Supervised classification

We performed supervised classification for each comparison in the evaluation datasets using both GEOlimma and Limma as feature selection methods. Scikit-learn (sklearn) [52] is a Python module implementing machine learning algorithms. It enables various tasks such as dimensionality reduction, classification, regression and model selection. The sklearn classification pipeline involves sequentially applying feature selection, classification, parameter optimization and model selection to yield final classification results. We first used the Python rpy2 module to build a connection between sklearn and the R language, followed by creating customized feature selection methods for Limma and GEOlimma which we compiled into the sklearn pipeline function.
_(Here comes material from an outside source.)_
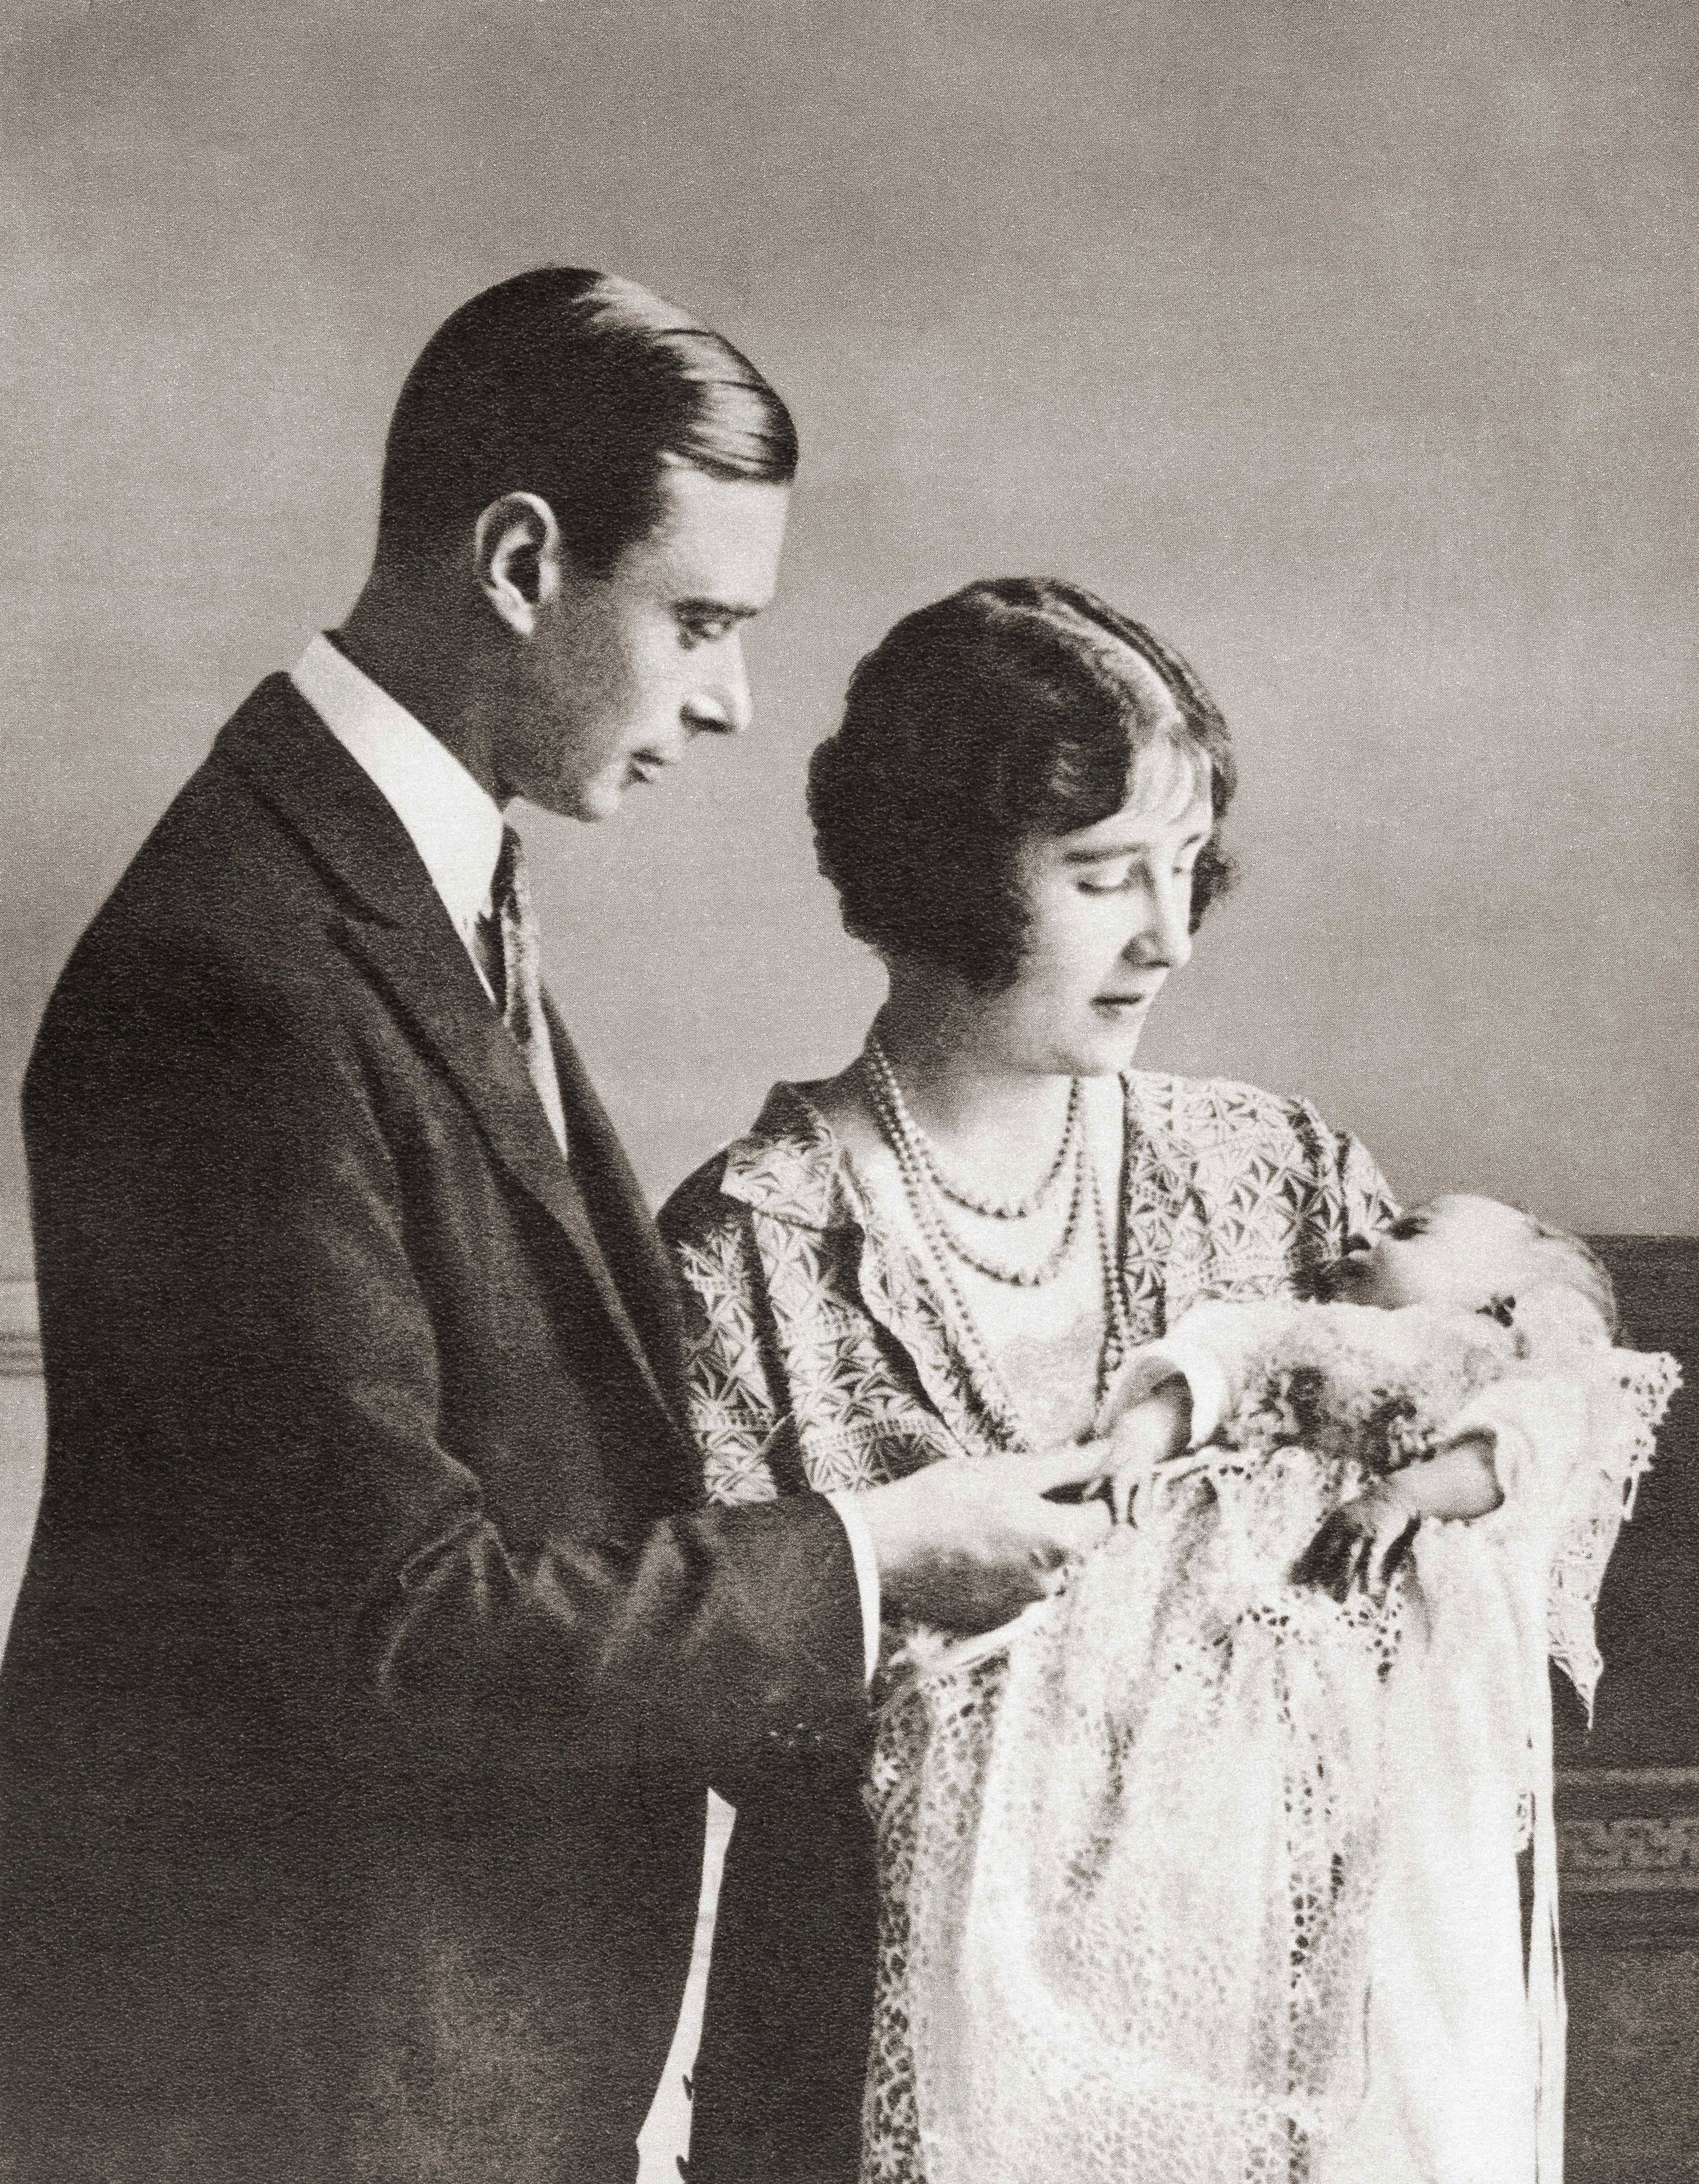 <p>Prince Albert, Duke of York (later King George VI) and wife Elizabeth, Duchess of York (later Queen Elizabeth, then Elizabeth the Queen Mother) posed for a portrait with baby daughter Princess Elizabeth -- the future Queen Elizabeth II -- at her christening in 1926. </p><p>MORE: <a href="https://www.wonderwall.com/celebrity/photos/royal-christening-baptism-photos-britain-sweden-greece-spain-monaco-norway-denmark-netherlands-royal-families-historical-3015197.gallery">The best photos from royal christenings through the decades</a></p>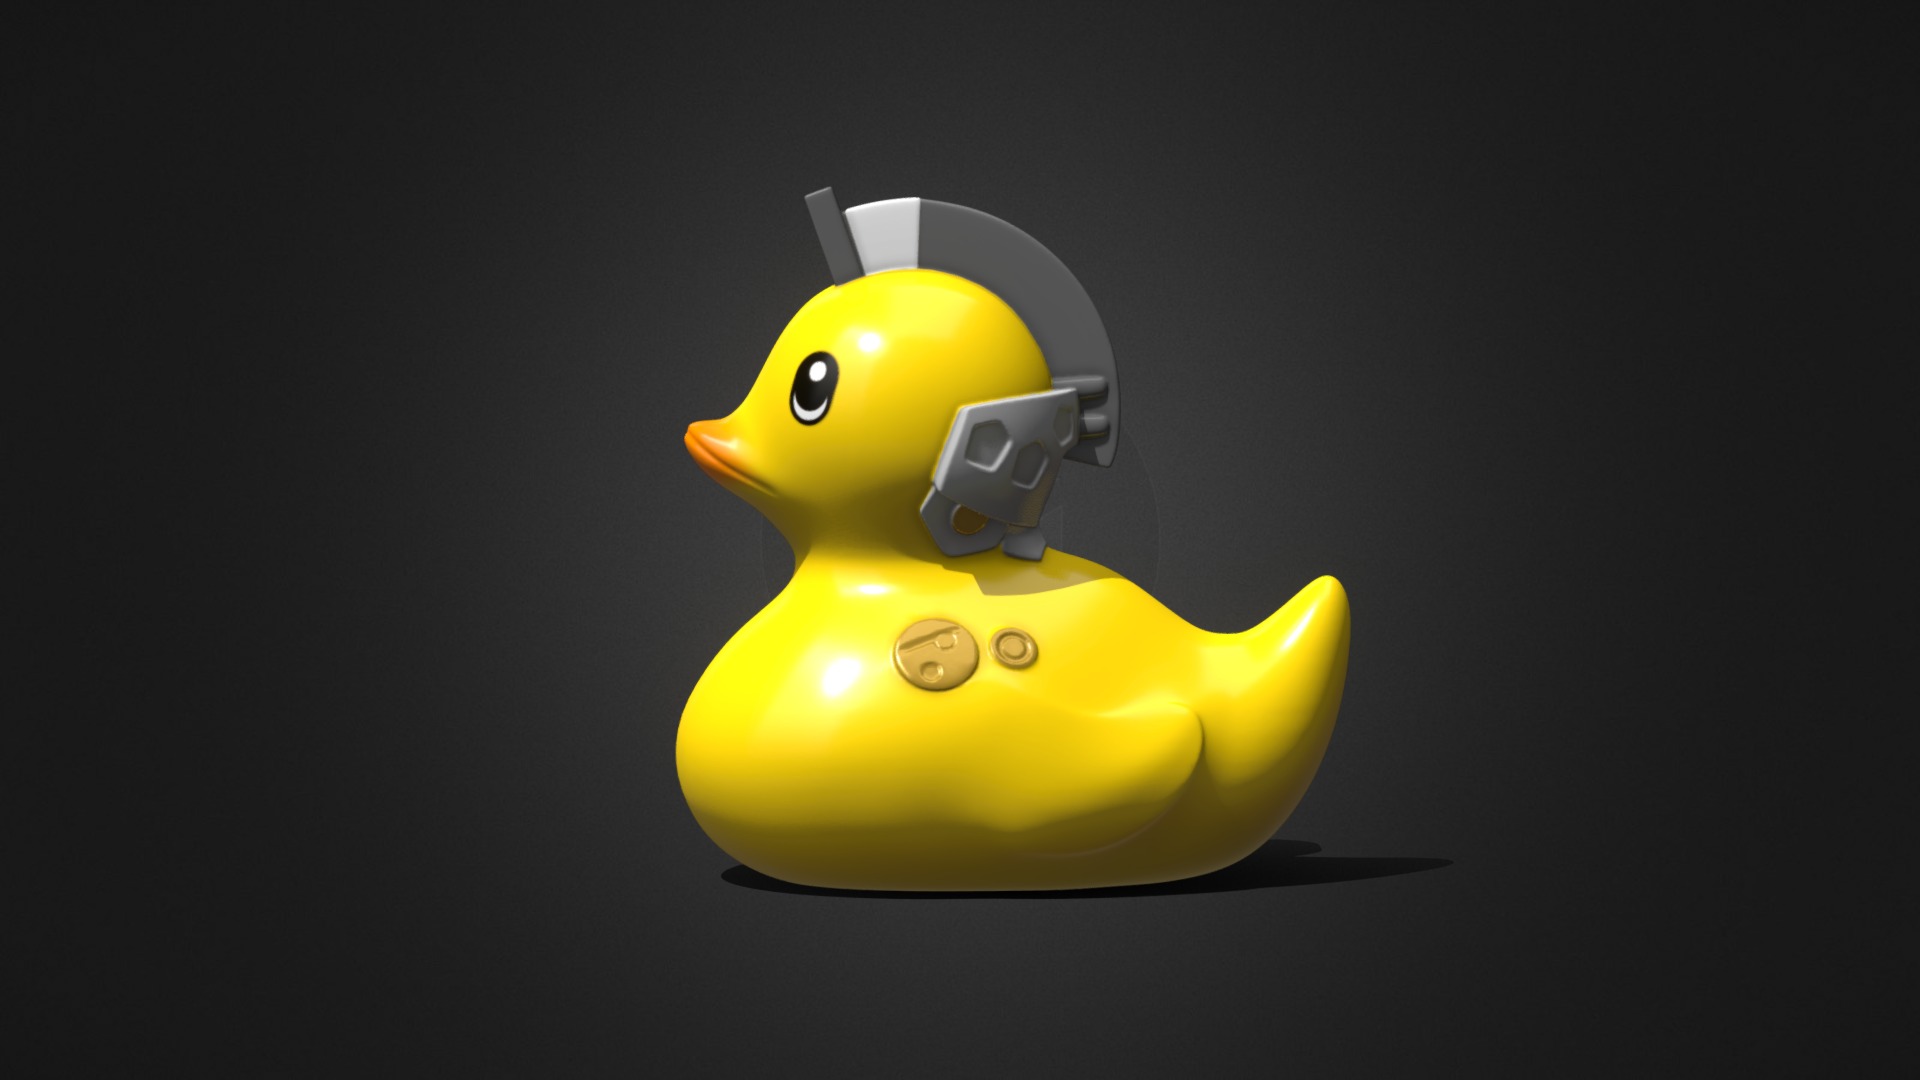 3D model Duck Ludens 001 - This is a 3D model of the Duck Ludens 001. The 3D model is about a yellow rubber duck.

For classification training, we first sampled 10 subsets of 40 samples (20 from each of the two groups) at random and selected the 1000 genes with largest variance across these samples. Next, we fed data from each subset to the sklearn pipeline function and performed either Limma or GEOlimma-based feature selection by selecting subsets of 100–1000 genes (in increments of 100) with the highest B scores. We selected the Logistic Regression [53] classifier for classification. We also included L1 and L2 penalties as hyperparameters and applied tenfold cross validation to train the model and optimize the hyperparameters. We used classification AUC as the criterion to evaluate classification performance. A high AUC represents both high recall and high precision, which translate to low false positive and false negative rates. For classification testing, we sampled an additional 40 samples to evaluate the training models. We used a Wilcoxon signed-rank test to identify significant AUC differences between performing feature selection using Limma or GEOlimma.